実在の人をモデルにした作品はたくさんありますが、個人的に一番お気に入りなのが今回ご紹介する、2011年に公開されたフランス映画「最強のふたり」。
フランスを舞台に立場の違うふたりが交流を深めていく様子を描いたヒューマンストーリーです。
あらすじをご紹介しますと、
頸髄損傷で首から下の体を動かすことができない富豪、フィリップが住み込みの介護人を探していたところ、黒人の青年ドリスがやってくる。とはいえ、ドリスは介護人をする気はなく、失業保険をもらうために面接に来ただけだった。しかし、気難しい性格のフィリップは、愛嬌があり機転も利くドリスを気に入り、雇うことに。ともに過ごすうち、次第に心の内を打ち明けられる関係になっていくふたりだが…。
というストーリー。
奇をてらったところのない、なんというかまっすぐなストーリーですが、2人の関係性がすごく丁寧に描かれていて、見ているうちにふたりのことが大好きになる、そんな映画です。
2人が親しくなっていく過程も無理がなくて、素直に感動できる作品だと思います。
とくにドリスを演じたオマール・シーが最高で。
ネットフリックスドラマ「Lupin/ルパン」で主役を演じた俳優さんなんですけど、笑顔がステキでなんともいえない愛嬌があって、目が離せなくなると言うか、とにかく魅力的な俳優さん。

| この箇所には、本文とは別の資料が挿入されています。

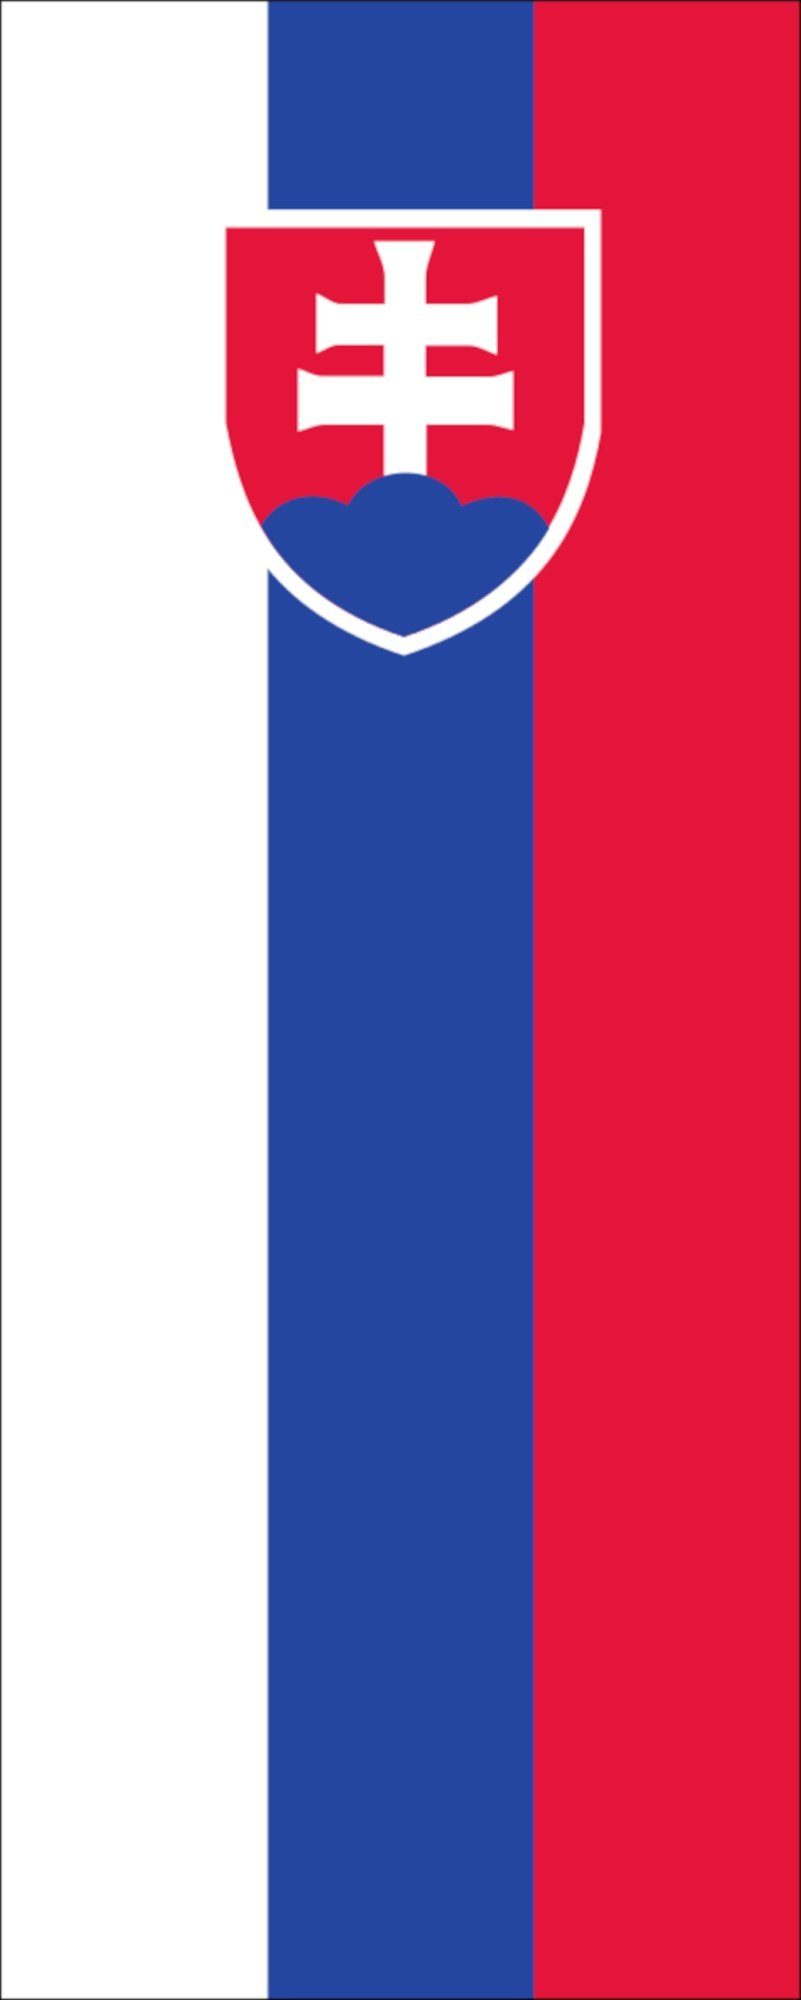 Hochformat Slowakei Flagge flaggenmeer g/m² Flagge 110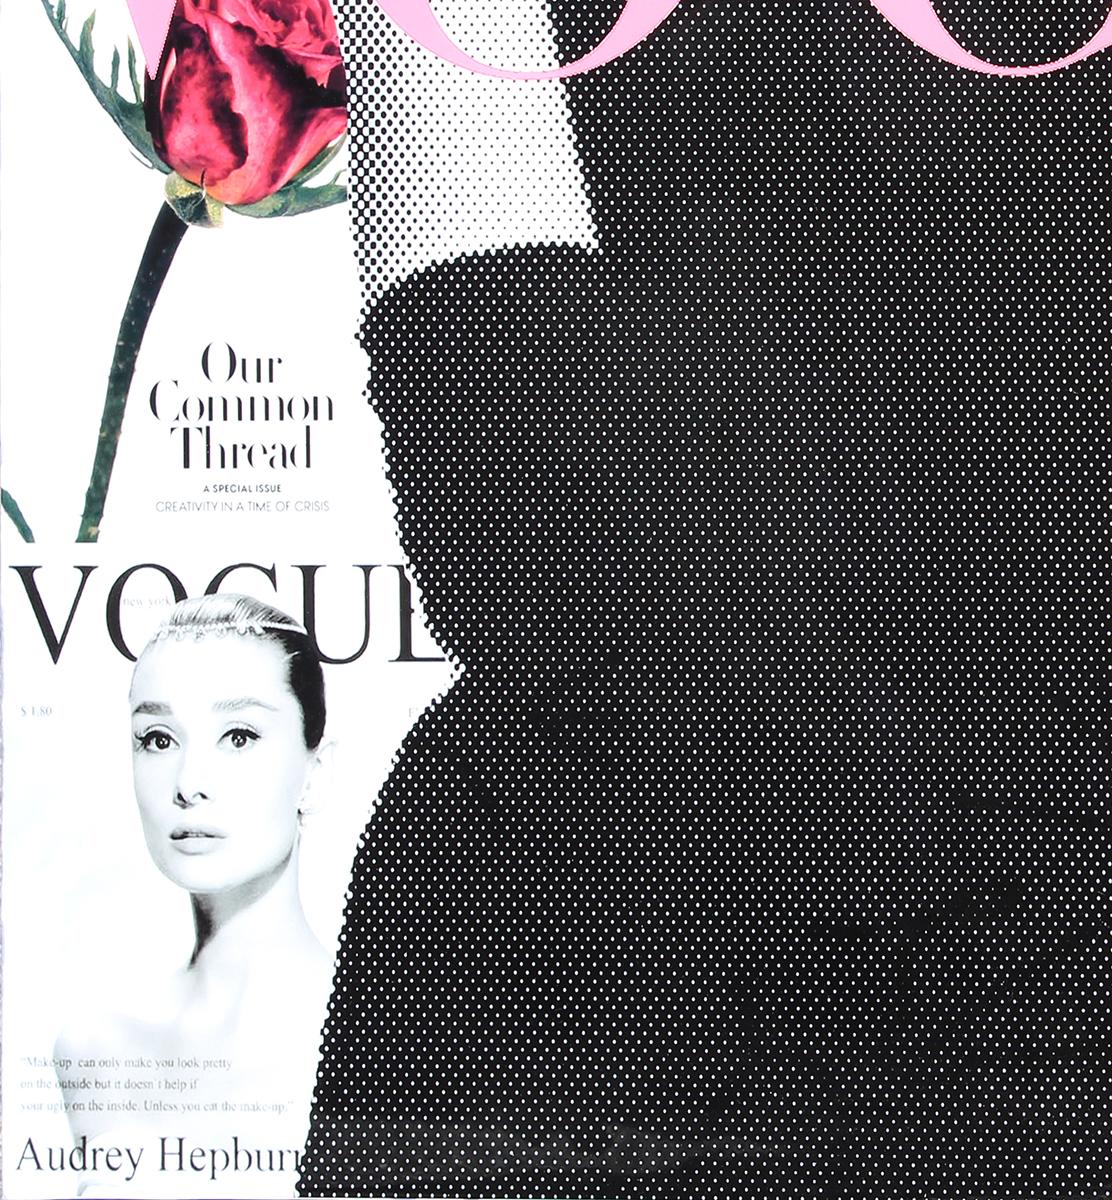 Audrey in Vogue Style Colorful Pop Art Resin Collage Audrey Hepburn Portrait 4

「最強のふたり」で演じたドリスは、介護の経験はないものの、障害者であるフィリップを同情することなく一人の人間として扱い、ときにはおせっかいを焼くことも。
ノリのいい音楽を愛していて、誰に対してもタメ口で自分の気持ちをハッキリ伝えるという役どころ。
冗談も多いし、悪くしたらただチャラい感じにも見えかねない役だと思うんですが、オマール・シーの表情やフィリップに触れる手つきから相手を尊重していることが伝わってくるんですよね。
この映画をみたらみんなドリスが好きになるんじゃないかなぁ。
心に沁みる映画なので、ぜひご覧になって見てくださいね。